Bennieville is where fun, fish are


June 05, 1994|By PETER BAKER

RIDGE -- By early afternoon Thursday, the skies had cleared, the wind was down to a loud whisper, and Billy Parks' Over the Hill Gang and The Cisco Kid were doing their damnedest to break the bank at Bennieville.

But the morning had been a long, hard ride.

Shortly after sunrise, the northwest wind had been up, as Parks, Bennie Mitchell, Abner Sacks and Steve Mitchell gathered on the dock at Scheible's Fishing Center.

"Eighteen to 22 knots in here," Capt. Bruce Scheible was saying as he looked upwind across Smith Creek from the Ellen S., which was loaded with baskets of frozen fish and soft crabs. "It's probably stronger outside. Though I can't believe it's going to blow all day like they say it will."

For the Over the Hill Gang, however, there was an issue of greater concern -- the engine box was covered with gear.

"How are we going to play cards with all that stuff up there Capt. Bruce?" says Billy, 74, as Scheible steers the Ellen S. away from the dock. "Got a new deck and a pocket of change -- and I know that I am going to take Abner's and Bennie's money."

"That would be the first time, wouldn't it?" says Bennie, 64, moving coolers and clothing and pulling a deck chair to the playing table.

Abner, at 75, is an adjunct professor of economics at Northern Virginia Community College. He had careers in the military and with the Bureau of Economic Analysis. He closes a side shutter to block the wind, and the game begins.

And the Ellen S. rumbles down the creek to the Potomac River and out beyond Point Lookout to the Middle Grounds, rolling easily in the troughs of 4-foot cross seas, while the players pitch their cards, and nickels and dimes change hands as freely as conversation flows among friends who have fished together for more than 15 years.

Scheible, meanwhile, has his eye on the weather and his thoughts on whether the bluefish that have been taking baits fast and furious for the past week will be off the bite. Whether discretion might be the better part of valor.

"Don't know about this wind," Scheible says as we pass south of the wreck of the American Mariner. "Every bit of 25 knots at times. But if the waves don't knock us all silly, the boat will be all right and you just never know what the blues are going to do."

With the Ellen S. swinging at anchor in about 30 feet of water on the Middle Grounds and Scheible grinding frozen fish into chum, the card game breaks up. Parks is up a dime.

"Told you I'd take their money," says Billy, retired from the federal government for nearly 20 years and now in corporate development with Labat-Anderson Inc. of Arlington, Va. "Though wish I had taken it all.

"First catch takes a dollar from everyone."

Abner, after quick analysis of the situation, while getting his rod and moving his deck chair to the rail, adds, "But it has to be of legal size and it has to have scales!"

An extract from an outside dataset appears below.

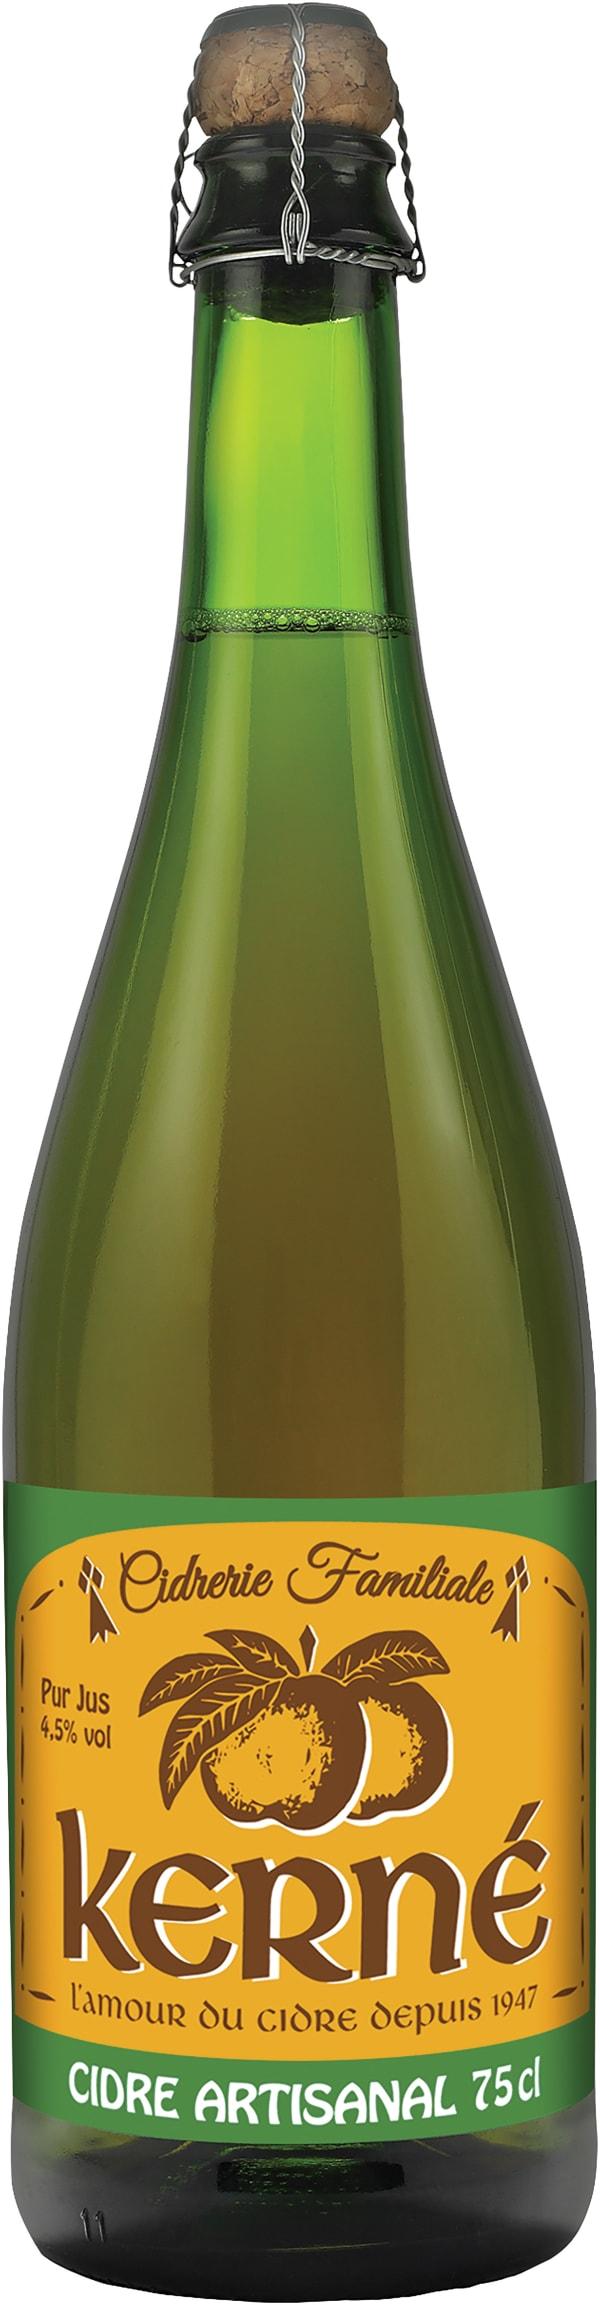 Kerné Cidre Artisanal

Bennie, also retired from the federal government since the 1970s, says, "If it's a fish, it has to have scales, Abbie, and I guarantee I will take your dollar."

Shortly, with Scheible spooning out a slick of chum that winds away south toward Smith Point, Bennie has a slight bend in his fishing rod and a grin on his face.

"Fish on," he says. "Get those dollars ready."

The fish brought to the boat is an oyster toad, and Bennie misses his chance to take the first fish pool, Abner says, because toads don't have scales.

Bennie, of course, argues with good nature that a fish is a fish is a fish, a dollar is a dollar is a dollar, and the pool should be his.

The pool later goes to an on-board observer for a 2-pound bluefish, one of only a handful that come up into the chum line over the period of a couple of hours.

Scheible, deciding that the wind does indeed have the tide out of phase, pulls anchor and runs the Ellen S. north-northeast toward the Mud Leads, a 30- to 40-foot trough on the eastern edge of the Middle Grounds west of Smith Island.

The wind has fallen off somewhat, the cloud cover is thinning from the west and Scheible has his mind set on catching sea trout and hardheads on soft crab and squid baits.

"Hardheads are better this year than at any time in almost 30 years," says Scheible, who has been a charterboat captain on Maryland's lower bay for as many years. "They are big, they are plentiful -- and they will hit soft crab with surprising passion."

Abner, meanwhile, is taking a ribbing from Billy, who is recalling a trip last season when Martha Sacks was catching fish nonstop and her husband couldn't catch a cold.

"You remember, don't you, Abbie?" Billy is saying and winking at Bennie and The Cisco Kid, Billy's 18-year-old grandson. "Martha hooked another fish, turned and asked if you wanted to reel in just one?"

Abner smiles, sends his double-hook rig to the bottom and says softly, "Yes, I remember. And today, it seems, has been too much the same."

Abner and the Cisco Kid have yet to catch a fish, and it is well past noon.